5) I realize that the story has so far been incomplete, and I'm working on gathering information from those who support the project.

6) Anonymous, I am aware of the facility on the eastern riverfront. In fact, David Pepper has pointed to it as an example of how residential and barge facilities can co-exist.

7) Anonymous, true that this has all come up because of a "takings" issue and a court case. But we are where we are now, and what could have happened without the loss of access to the Hilltop property is no longer that important.

8) Where the money will come from for residential development is kind of beside the point, and is really something that would have to be tackled in the future. I think that even the opposition realizes that the barge terminal will bring much-needed tax revenue for the City. However, they consider it a poor land use, and they won't be swayed to accept just any development because the City needs money.

Like I said, I'm trying to get better information from top sources and will share them when that time comes.

Randy Simes said...

Renderings of the proposed facility can be found here:,16967.msg374846.html#msg374846

These were a part of a somewhat recent Cincinnati Business Courier article.

Anonymous said...

hi kevin just curious to know if the epa is monitoring the air along river road (sedamsville) from the concrete co. i have to dust everyday, and when i sweep its mostly sand. (hum) thank you. also what ingredients are in ground up concrete?

Jim McNulty said...

Anyone interested in this should go to Mt.
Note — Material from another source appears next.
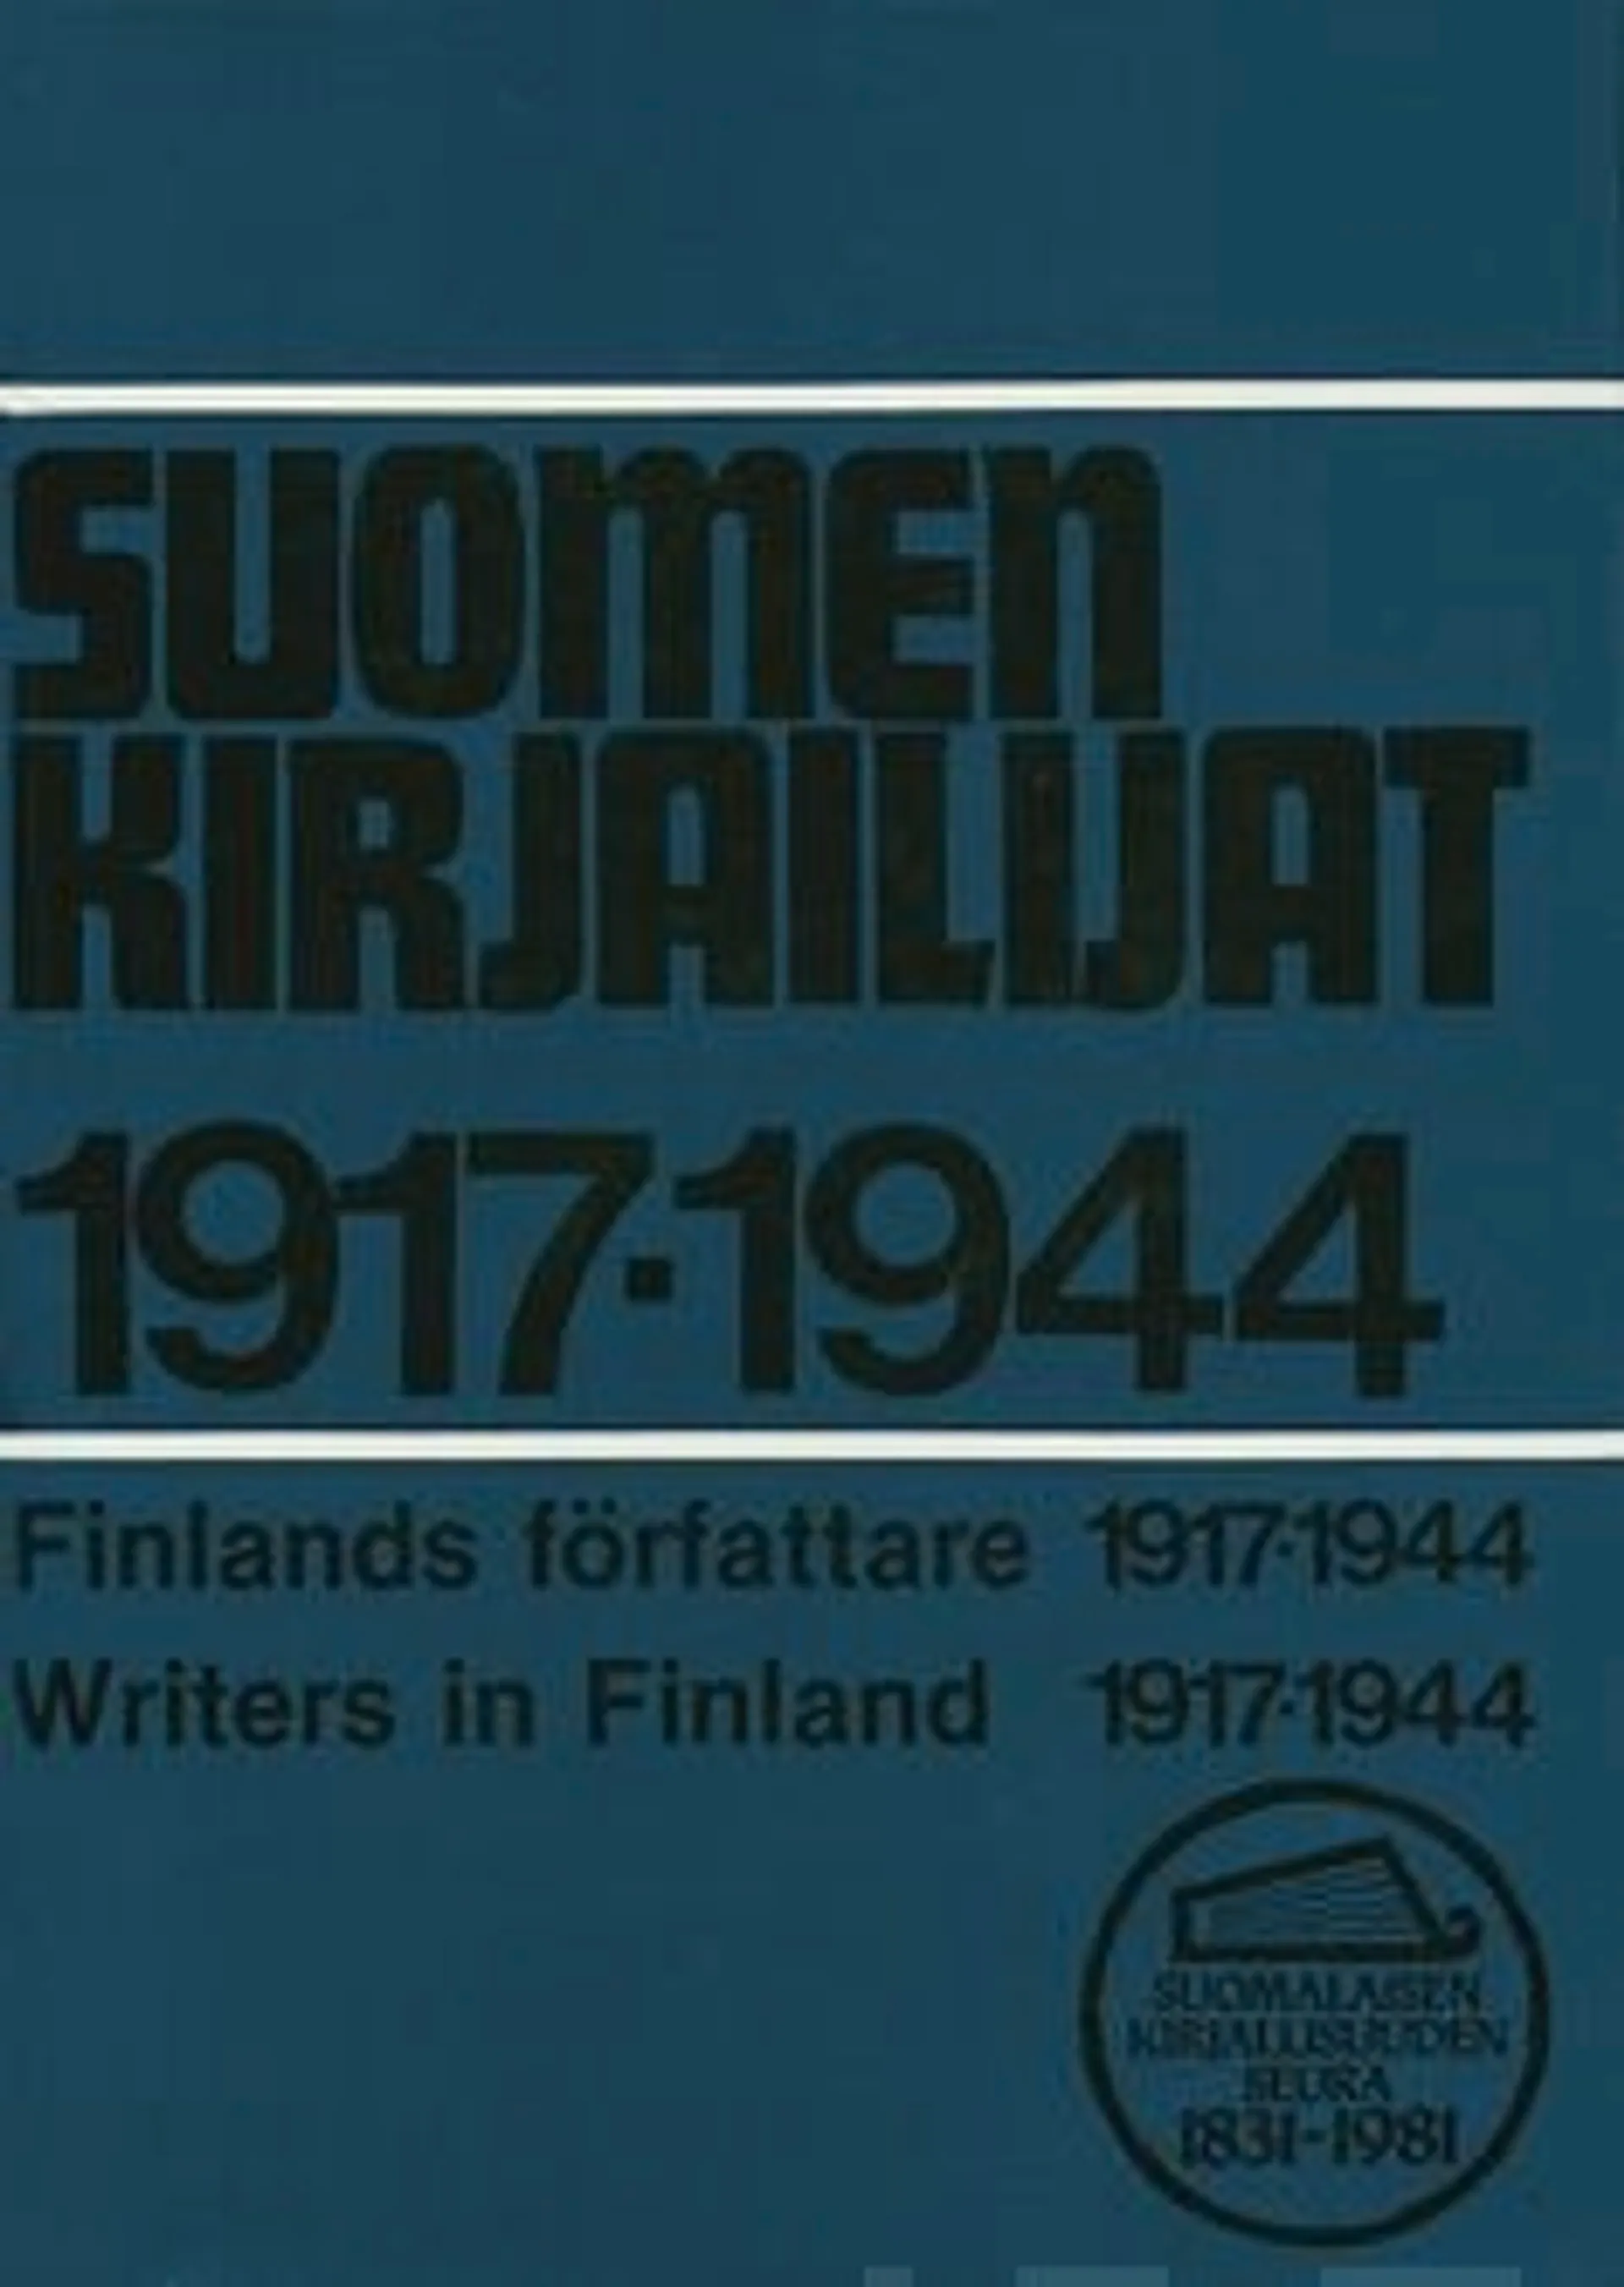 Suomen kirjailijat 1917-1944

Echo park and look down at the site. It is an industrial lot, next to a viaduct and a bunch of rail lines. It looks like a natural fit. If I lived there, I would enjoy looking down and seeing clean commercial activity on the river. There is more to life than condos, and that would be an odd location for a park.

I am new to this issue, but can't really see a problem with the transfer facility. We shouldn't try to be the East side, we should aim higher.

Paul Wilham said...

I think it is 'shortsighted' to think the ONLY thing you can do with that area is build a terminal. Indianapolis took a formerly industrial area and built White River State Park which has several museums and green spaces. All pretty much done with Federal and state money. It attracts people from a 5 state area and is an asset to the city's convention business. Louisvile has a park development along the Ohio river that is a major toursist attraction. Property values in Price hill are improving and there is a lot of new restoration going on. That effort would be helped by a park and hindered by an industrial use.

Anonymous said...

All do respect to Paul Wilham, but what data are you using to claim property values are improving in Price Hill? Did you happen to see the Cincinnati Enquirer article three weeks ago? The average home sale value in 2008 for Price Hill was $20,000. That was a 68% decline since 2004. Also the County Auditor reassessed values in Hamilton County last year and the average decline in Price Hill was 6-10% on property values by County standards.
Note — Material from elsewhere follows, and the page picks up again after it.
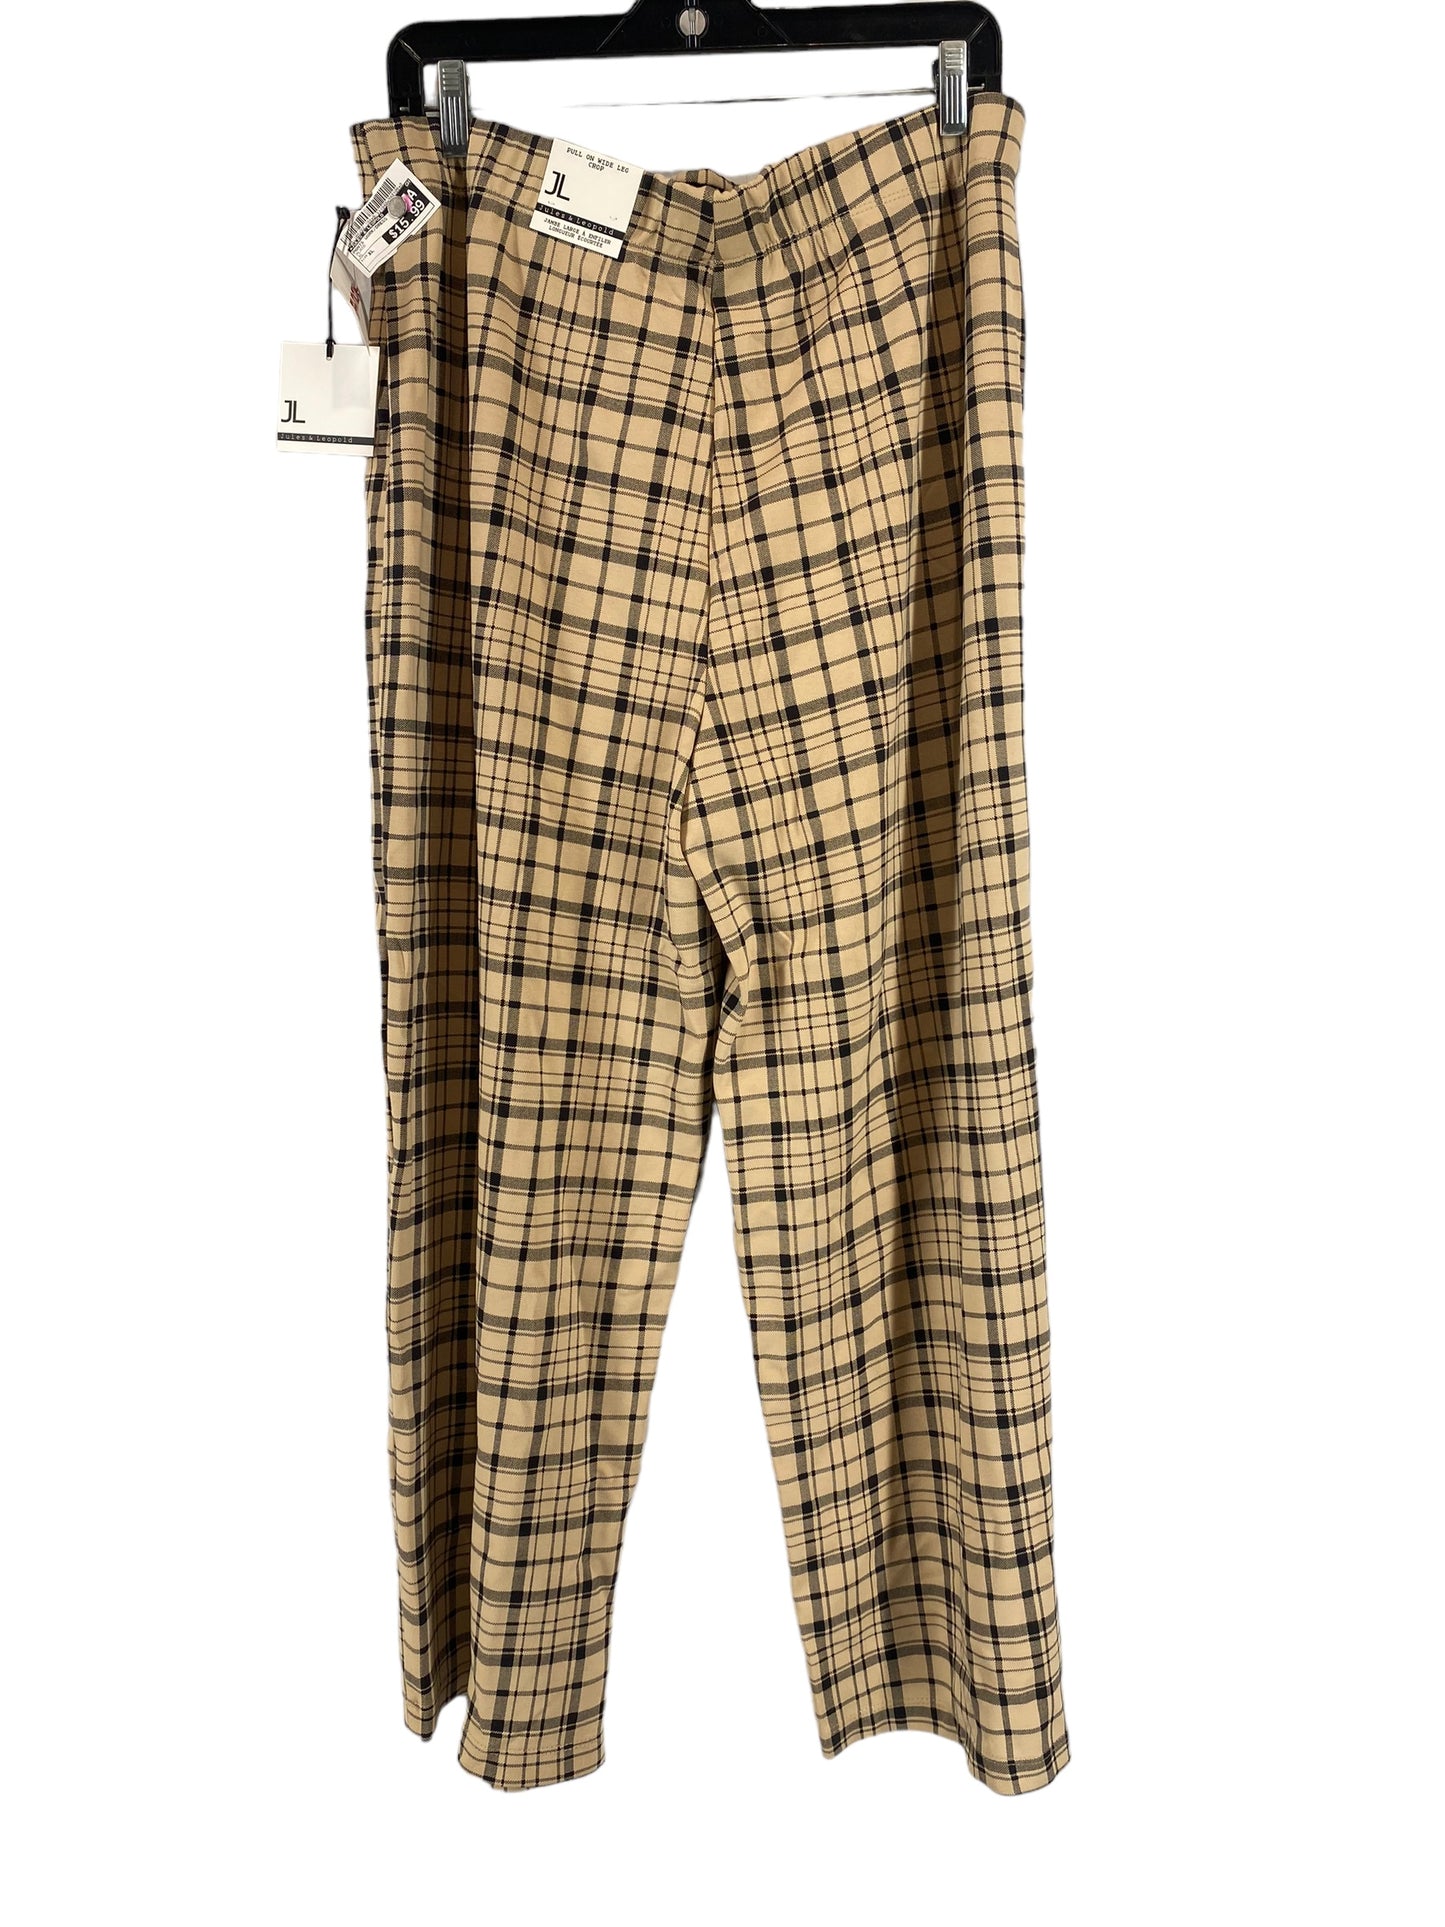 Pants Work/dress By Jules & Leopold  Size: Xl

Louisville's riverfront is very industrial except for a stretch right downtown. The City of Cincinnati's downtown riverfront was industrial up until Yeatman's Cove and Sawyer Point. So really Louisville is just years behind Cincy. Indianapolis is not even close in comparison to Cincinnati. The Ohio River is a much bigger river with much more economic activity than the White River. Let's compare apples to apples.

Kevin LeMaster said...

"hi kevin just curious to know if the epa is monitoring the air along river road (sedamsville) from the concrete co. i have to dust everyday, and when i sweep its mostly sand. (hum) thank you. also what ingredients are in ground up concrete?"The EPA has a not-so-user-friendly searchable database of monitoring stations. I wish you luck: for ground up concrete, it depends on the mix but it's basically sand/aggregate (such as gravel), cement and water. Cement contains limestone, calcium, silicon, iron, aluminum, and gypsum. Trace amounts of other things like clay and ash are sometimes used.

Anonymous said...

Where is all this opposition to building a terminal in an already industial area coming from? CSX Transportation and Central RR of Indiana would never let a park or bike trail be built next to their tracks. Guess that site will sit vacant for a long time to come.